Как–то приснилось, будто Вера приехала и служит в такой конторе. Стоит в пикете на Sоdra Fоrstagatan с плакатом: «Сдавайте убитых в пункт приема убитых». И Рожон около нее с бело–красно–белым флажком крутится, у меня спрашивает: «Ты почему убитого в пункт приема не сдал?..» Я Рожна отталкиваю, ведь что мне Рожон хоть и с бело–красно–белым флажком, мне Вере надо объяснить, что Sоdra Fоrstagatan — не Бангалор, что в Швеции вообще демократия, тут убитых сдают, куда захотят, а Вера отвечает, что так неправильно, что как хоронят на одном месте, так же в одно место надо сдавать, вот как у нас же сдают в судмедэкспертизу…

Когда Веру с перерезанными венами нашли в ее однокомнатной и отвезли в судмедэкспертизу, там написали, что сначала у Веры остановилось сердце, а потом уже она набрала ванну и вскрыла вены. Поэтому так мало вытекло крови…

Причину, по которой остановилось сердце, судмедэкспертиза не установила. Не было причины. Доза алкоголя, который нашли в крови, причиной быть не могла.

Произошло это в тот день и приблизительно в тот же час, когда я сел на поезд до Москвы, чтобы в Москве сесть на самолет до Стокгольма… Так что в это время я мог не быть в Минске, а мог и быть — Вера жила рядом с вокзалом. Я мог с ней выпить, остановить ей сердце, затащить в ванну, перерезать вены и успеть на поезд.

Если нет, почему сбежал?..

Следов моих в квартире хватало.

По городу прокатилось: убили кого–то из оппозиции! КГБ, спецслужбы убили, у кого еще есть что–то такое, что сердце останавливает как будто без причин? В интернете замелькало: «Диктатура не расправится с нашей ВЕРОЙ!» И что делать спецслужбам диктатуры? Если убийца сам в оппозиции — к тому же сбежал за границу… Поэтому и заставил меня нервничать вопрос адвоката: «Вы дома никого не убивали?..» Я подумал, что пришли документы на экстрадицию. А это не анонимка про кота…

Неужели Вера все–таки написала?.. В последний вечер жизни села и написала в шведскую иммиграционную службу, чтобы мне не давали политического убежища, потому что я кота убил?..

В каком же отчаянии была она… И при чем тут спецслужбы? Может, и при чем, но не при этом.

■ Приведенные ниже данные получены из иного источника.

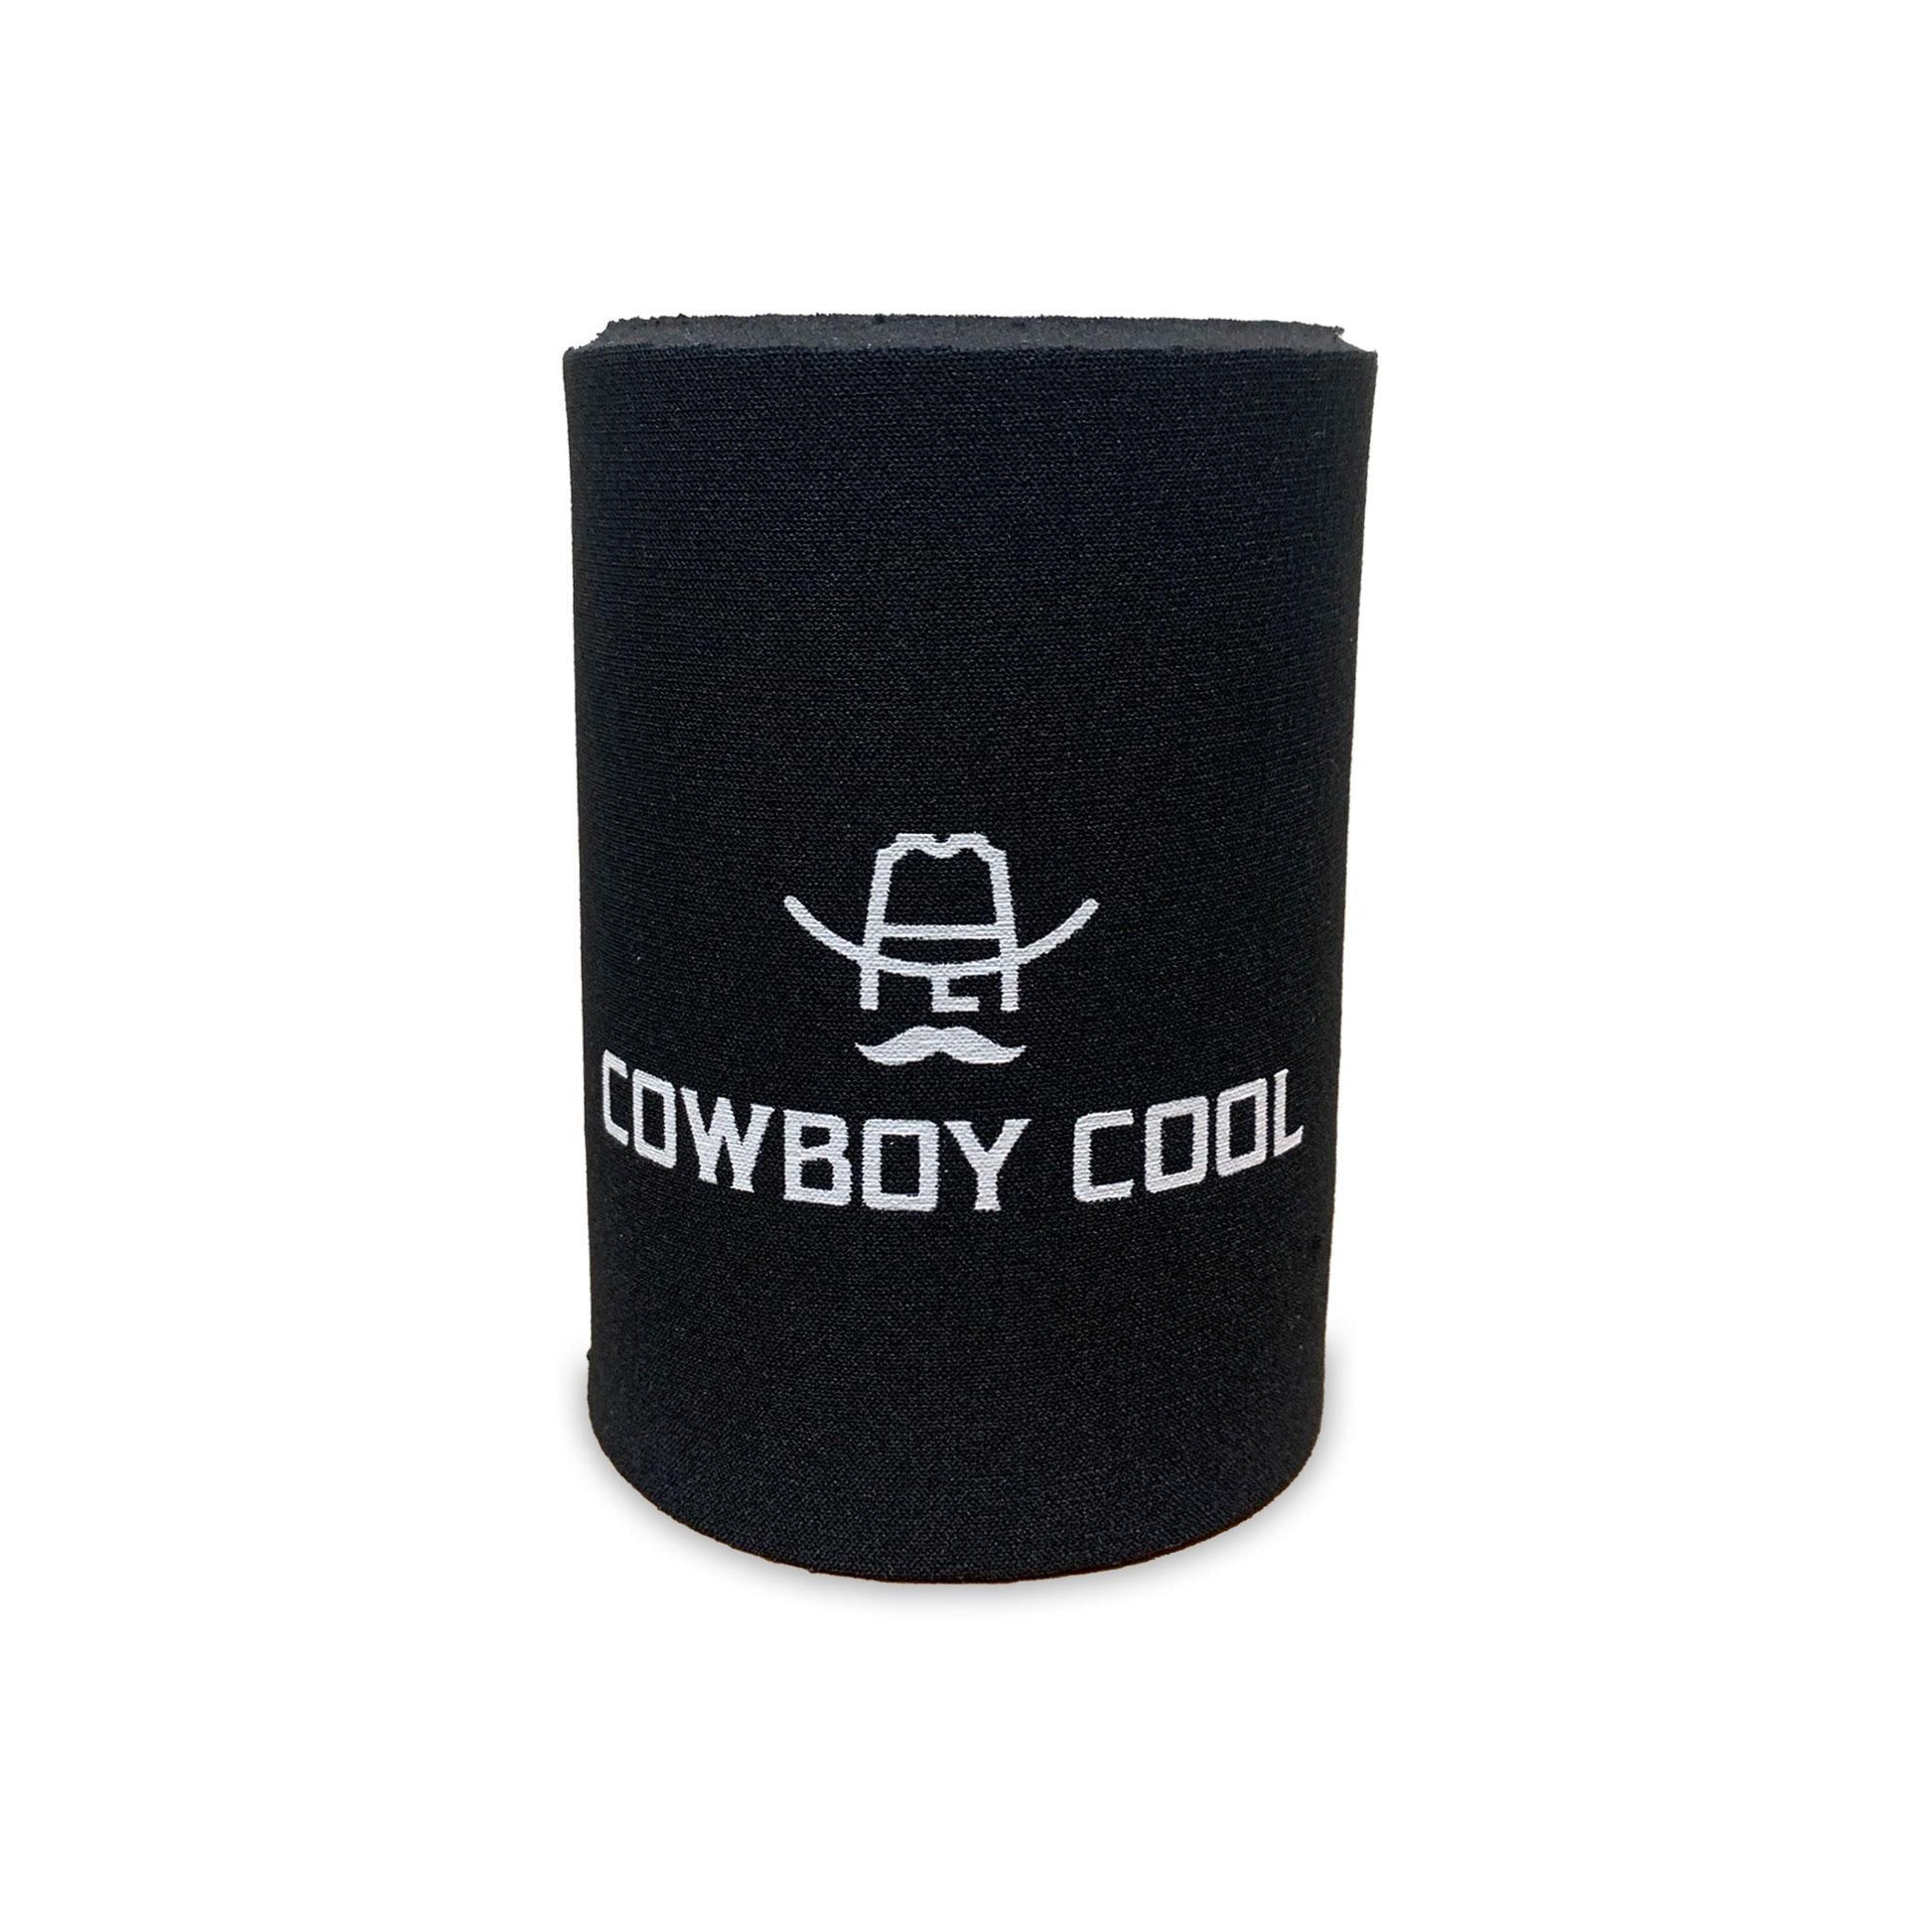 Cowboy Cool Coozie - Cowboy Cool

Дня за два до отъезда мне позвонила Наста… Никто, кроме Веры, не знал, а она откуда–то знала, что я уезжаю. Только думала, что мы уезжаем вместе. Я и Вера. Сказала, что правильно делаем, тут ничего не дождемся. Сказала, что помогала в последнее время не столько из–за меня, сколько из–за Веры. Почему?.. Ведь я по сравнению с Верой — щенок, а она, Наста, сука. Спросила, помирились ли мы? Она бы не хотела, чтобы из–за нее у нас не сложилось…

С чего она взяла, что из–за нее?

Когда я узнал, что Веры не стало, почему–то сразу про Насту подумал, про ее амбала–водителя с гебистской мордой. Вспомнил ее крик: «Езжай давай, разберешься!..» Только ведь не убивают за то, что плеснули кофе? Или у нас могут убить?..

Шведский следователь все хочет разобраться, что там с нами и у нас происходит.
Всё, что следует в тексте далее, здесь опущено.